People have been calling for the “great Toronto condo collapse” for almost 10 years now. They have missed the entire demographic shift to city centre living, decreased family size, continued immigration growth, a preference to beat the worsening daily commute, improved city centre amenities and civic attitude, etc…

Yes, there has been a rapid increase in condo supply over the years. But this has been more then matched by fundamental condo demand.

When demand exceeds supply, prices rise.

Unless we get a fundamental shift in consumer demand for a different type of housing, its unlikely supply will exceed demand in Toronto.

Johnzz, you previously stated that your RE investments were not dependent upon any speculative gains in property values.
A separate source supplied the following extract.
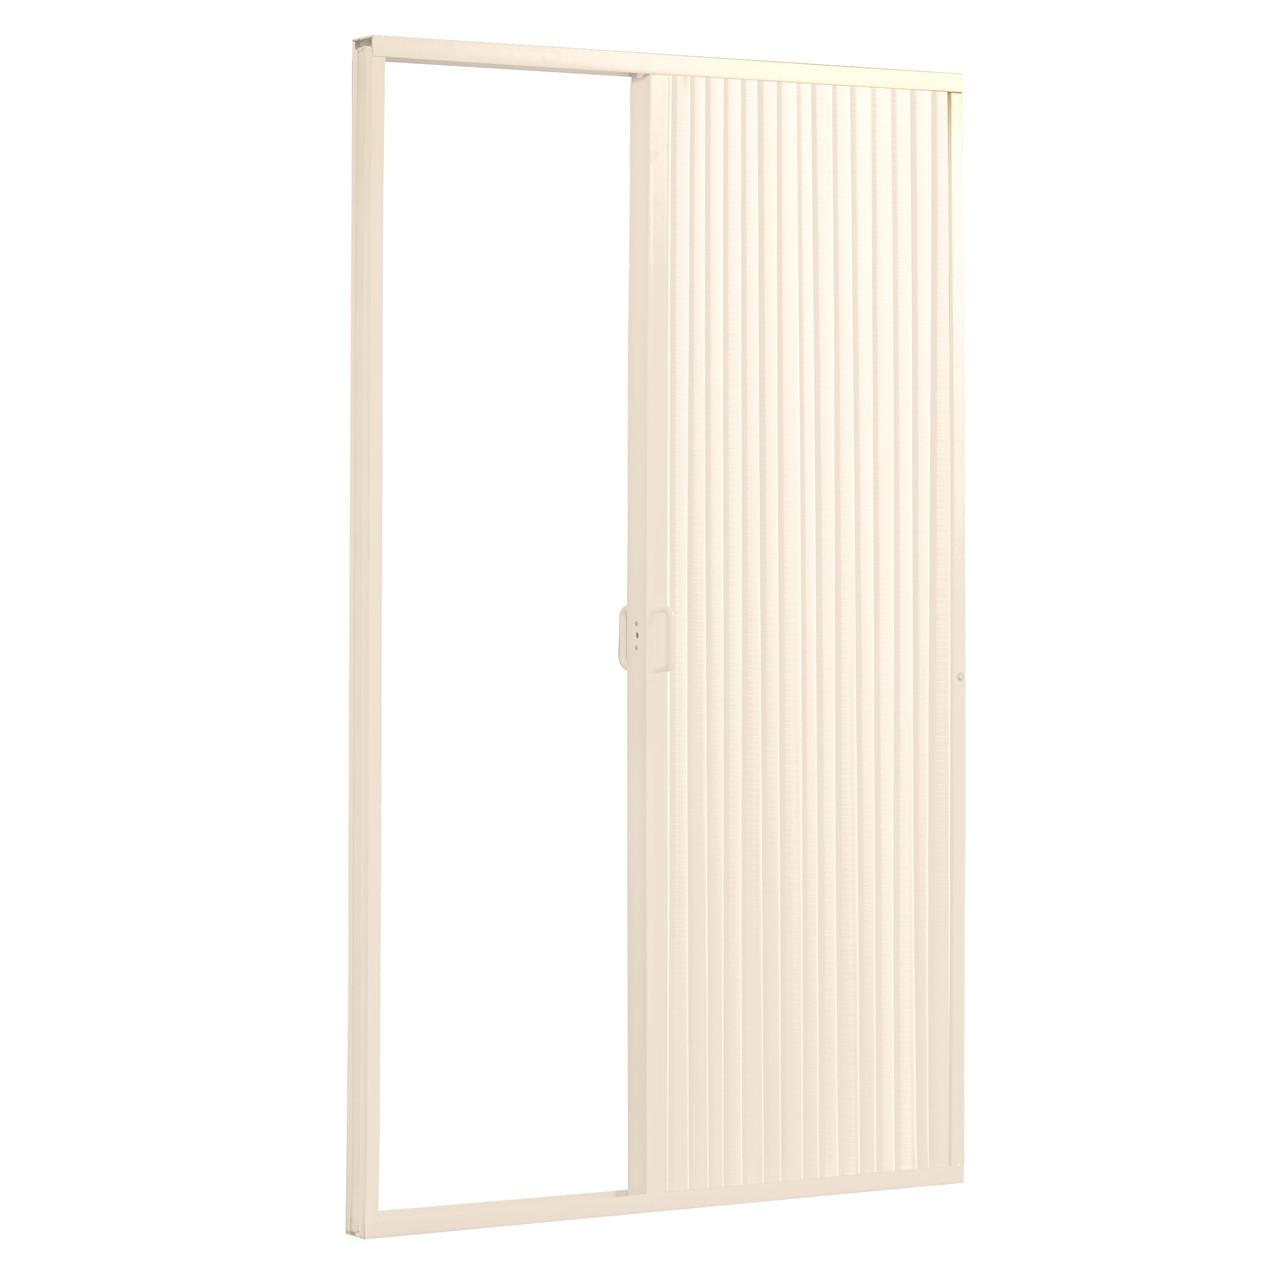 RV Shower Doors ...  sc 1 st  RecPro & Pleated Folding RV Shower Doors Ivory - RecPro

But then subsequently admitted that your profits had indeed derived almost exclusively from price increases over the past 10 odd years.
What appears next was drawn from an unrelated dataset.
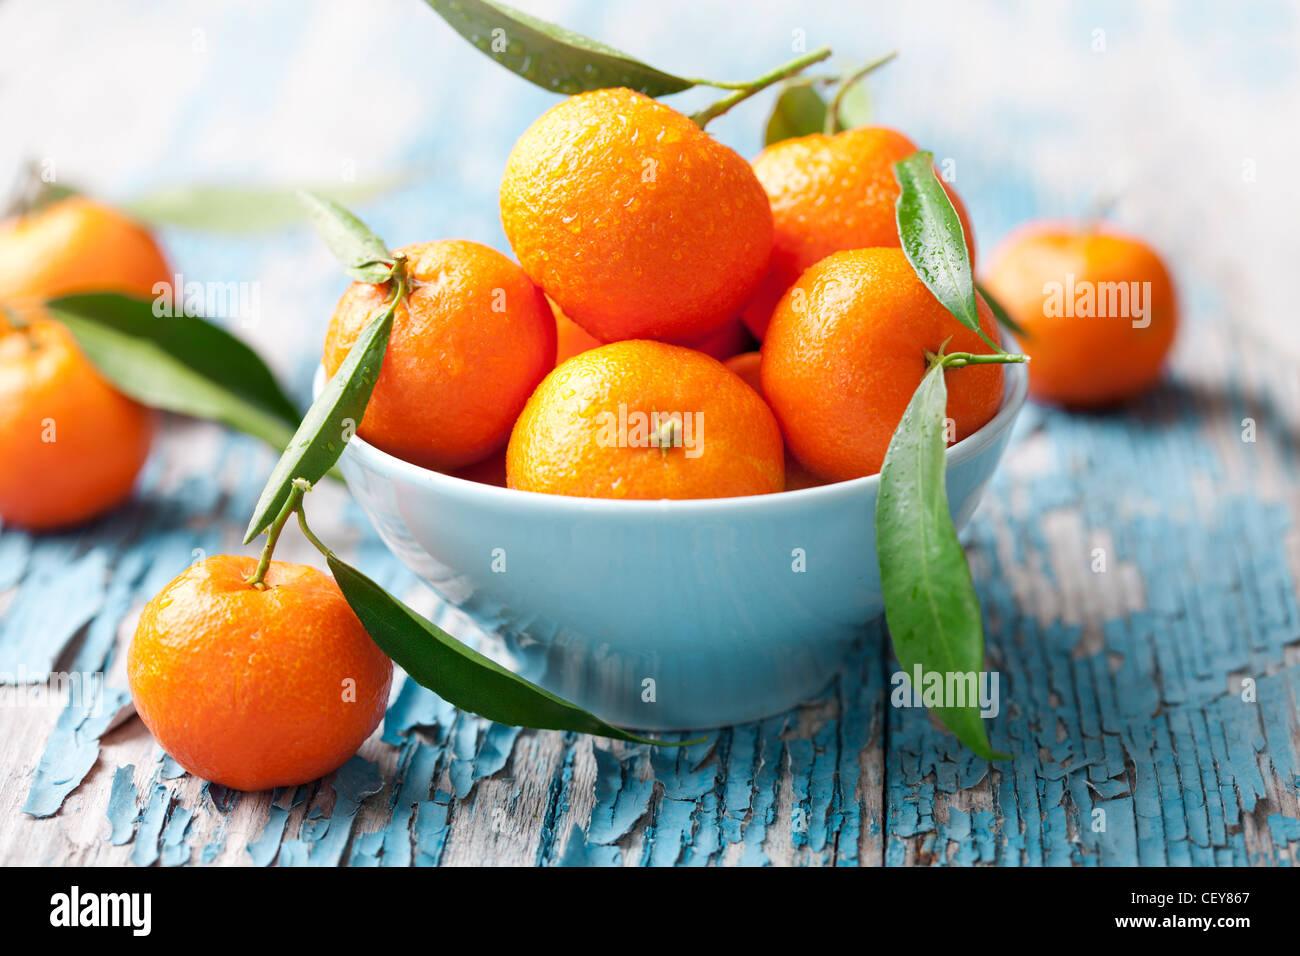 fresh mandarins, oranges - Stock Image

What appreciation (annual?) are you expecting? And what overall depreciation would reduce your equity to zero? I'm not trying to fearmonger here. I'm genuinely curious and seeking to understand the thought process of someone in a different investment mindset from myself.

For me, I find it very difficult to envision how TO prices can't drop by 20%+ over the next 5 years (and possibly more like 3 years), regardless of gov't interventions/BOC/etc. But maybe I'm wrong.
 
You can't paint all condos with the same brush.

What about location, location, location (and other factors) - these might make a difference. I'm not saying condos in prime locations won't be affected or will even behave much differently than average, but there are material differences between condos that should be considered.
 
Johnzz, you previously stated that your RE investments were not dependent upon any speculative gains in property values. But then subsequently admitted that your profits had indeed derived almost exclusively from price increases over the past 10 odd years.

What appreciation (annual?) are you expecting? And what overall depreciation would reduce your equity to zero? I'm not trying to fearmonger here. I'm genuinely curious and seeking to understand the thought process of someone in a different investment mindset from myself.

For me, I find it very difficult to envision how TO prices can't drop by 20%+ over the next 5 years (and possibly more like 3 years), regardless of gov't interventions/BOC/etc. But maybe I'm wrong.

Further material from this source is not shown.